Our Nurnberg International Whisky group continued our journey with a tasting set quartet from Glenmorangie, exploring the impact of different finishes on the same ‘base’. This was joined by an extra “bonus” – a Cragganmore Port finish to compare with the Glenmorangie Port finish.

Bucking the trend towards mostly no-age statements, the Glenmorangie standards typically disclose their age. Their Master Distiller – Dr Bill Lumsden shared in a previous tasting the work that goes into bringing consistency to each expression, often including barrels that are much older than the stated year.
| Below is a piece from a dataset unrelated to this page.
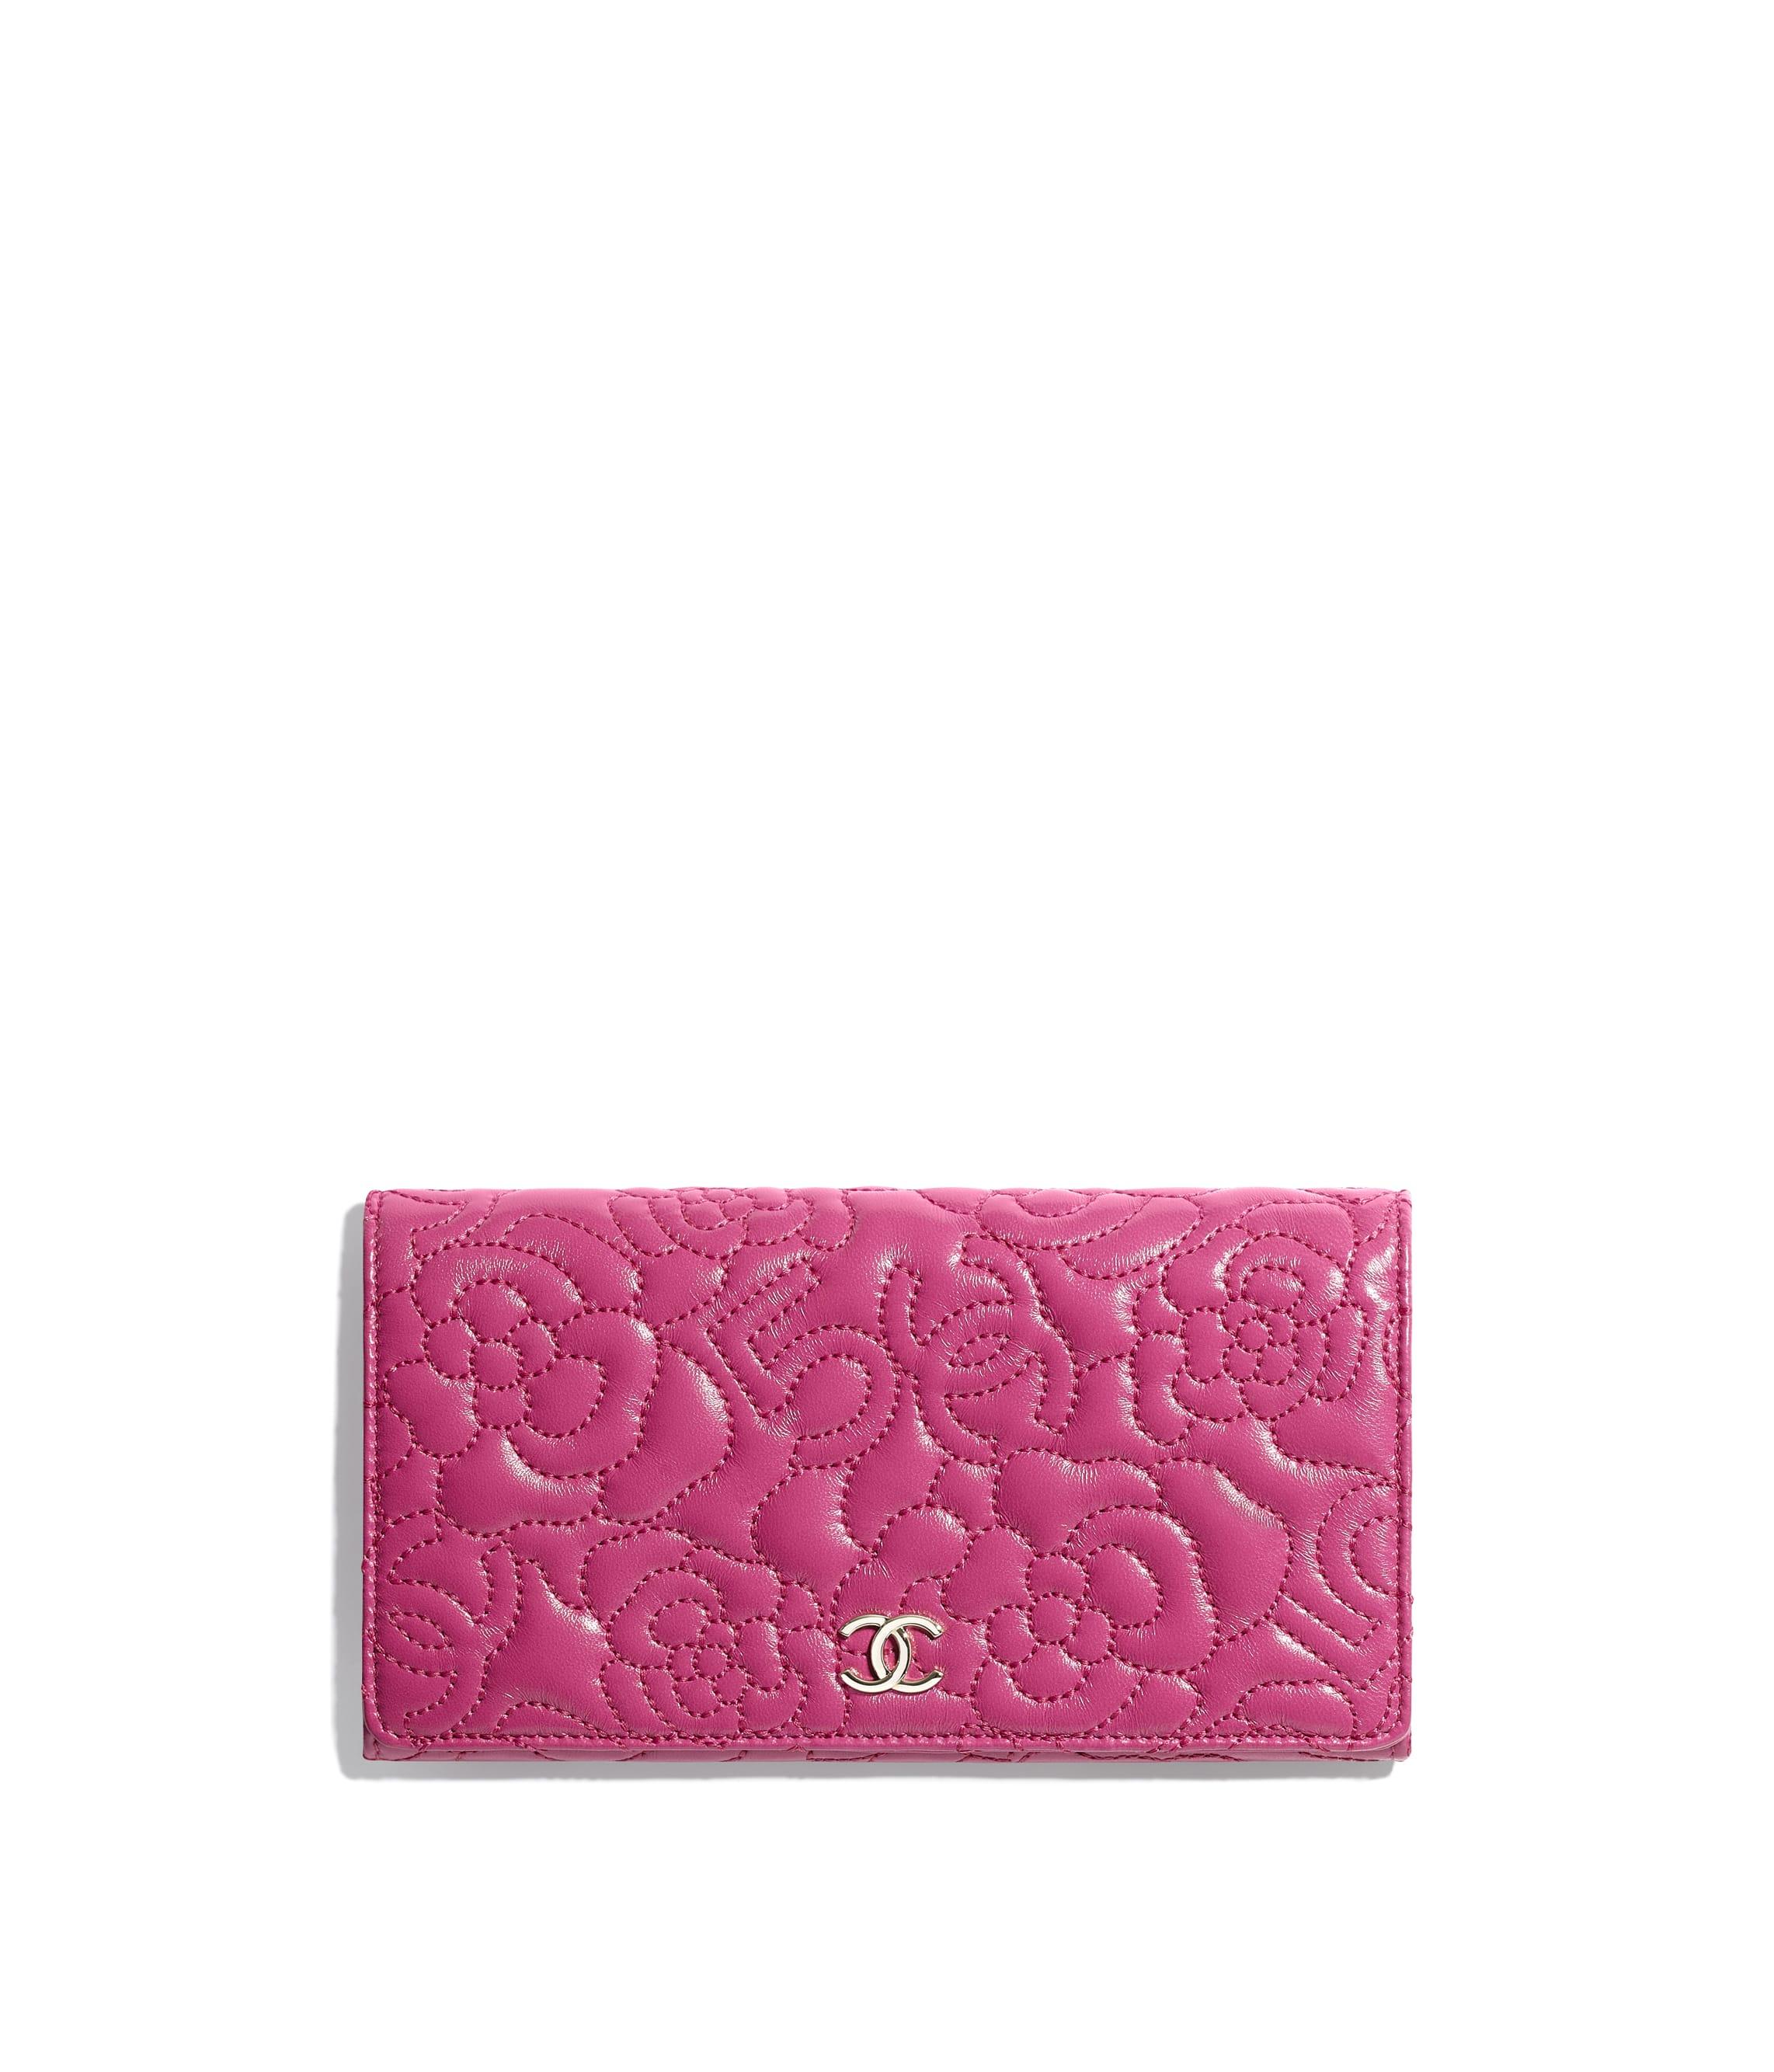 Flap Wallet

  • 10 year “The Original” 40%
  • 12 year “The Lasanta” Sherry Finish 43%
  • 14 year “Quinta Ruban” Port Finish 46%
  • Nectar d’Or Sauternes Finish 46%

The original Glenmorangie 10 year old was released more than 175 years ago by our founders. It’s famous for its mellow tones and delicacy of flavour.
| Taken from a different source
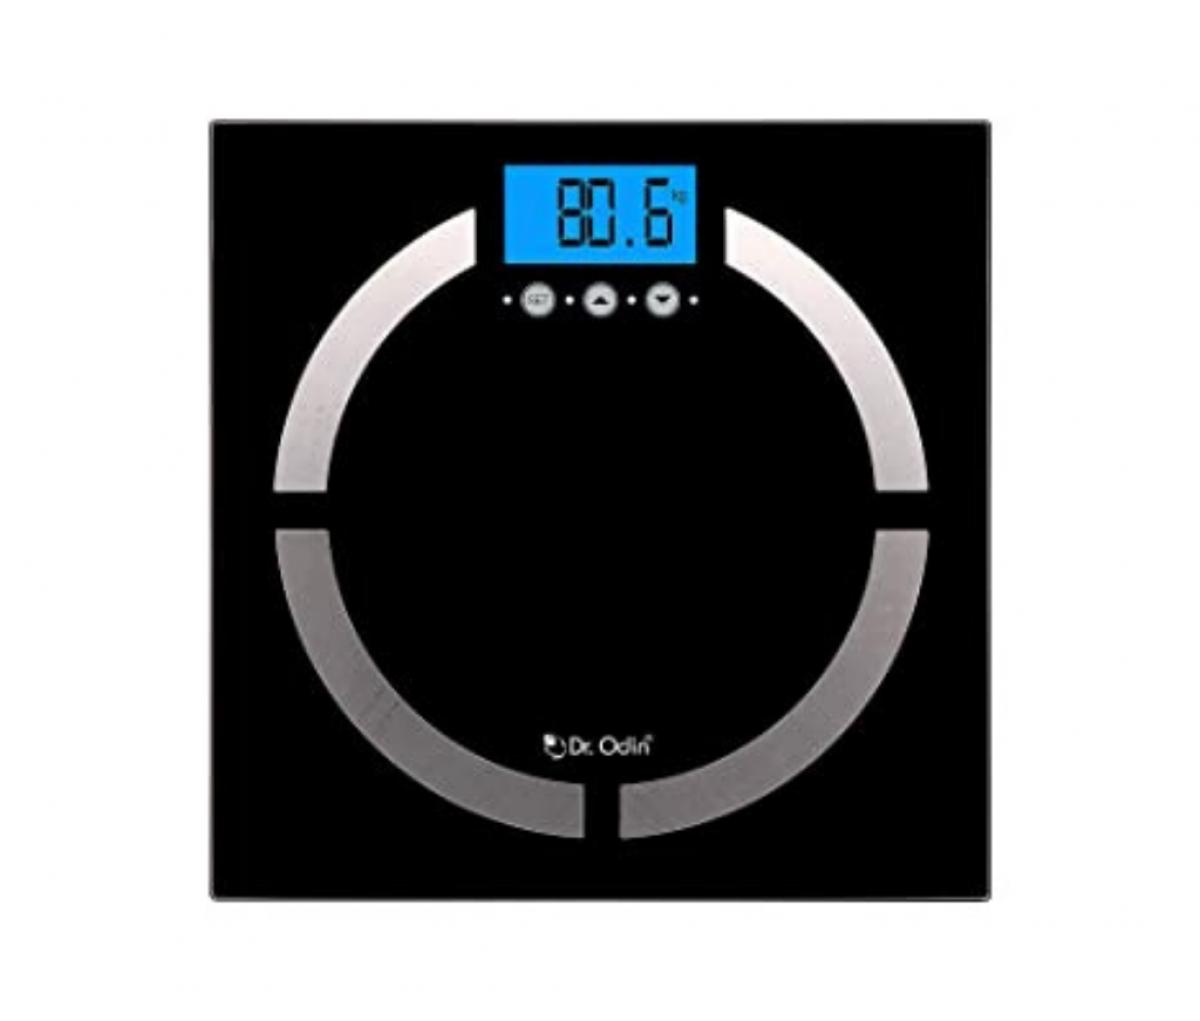 Dr.Odin Body Fat Analyzer With Latest BIA Technology,Sport Mode,Body Mode, High Precision Strain Gauge Sensor & Auto Off Function (CF-570BT) White

Glenmorangie 10 year “The Original” 40%

  • Nose – Delicious pears, ripe peaches, lemon, heather, honey, a lovely perfume, and a touch of vanilla, as it opened further there was even a bit of bubblegum
  • Palate – Honey sweet, hint of spring, floral, more warm peach, touch of orange, beautiful balance
  • Finish – Light bitterness

It was like welcoming back a familiar yet long-lost friend. It had been far too many years since I’d enjoyed The Original. Such a classic – refined, nuanced, and simply delicious! There is a lovely elegance about the Glenmorangie 10 year.

Again remembering a previous tasting experience led by Bill Lumsden, I recalled how he shared that the 10-year is truly the foundation for all his expressions and experiments. Aged in ex-bourbon casks, it has a light – even delicate – a character that is mild enough to be versatile.

I’ll admit that I keep forgetting how reasonable alcohol prices are in Germany. A mere Eur 35?? Can that really be? Some suggested this might make a good ‘calibration‘ whisky, however, it would also be a tough act to follow!


And yet that is exactly what we did… followed up The Original with The Lasanta – to explore the impact of just 2 additional years and time spent in ex-Sherry barrels….

The Lasanta 12 years old has been matured it in bourbon and sherry casks, transforming it into a mouth-watering odyssey bursting with rich spiciness and sun-drenched sweetness.

Glenmorangie 12 year “The Lasanta” Sherry Finish 43%

  • Nose – Initially greets you with wood, spice, then sweetness, juicy plums, and over time, opened into a lovely chocolate mocha
  • Palate – Dry, a bit spicy, what we could best describe as chewing tobacco, soft plums, juicy raisins, a hint of ginger
  • Finish – Warm sweet spices with more of that mouth-watering mocha

We quite enjoyed this one – particularly how it is a terrific contrast with The Original. We found the sherry certainly made an impact – and yet it was a lovely layering on top of a beautiful base. After 10 years in ex-bourbon casks, much like The Original, this was followed by 18 – 36 months in ex-Olorosso and PX sherry casks.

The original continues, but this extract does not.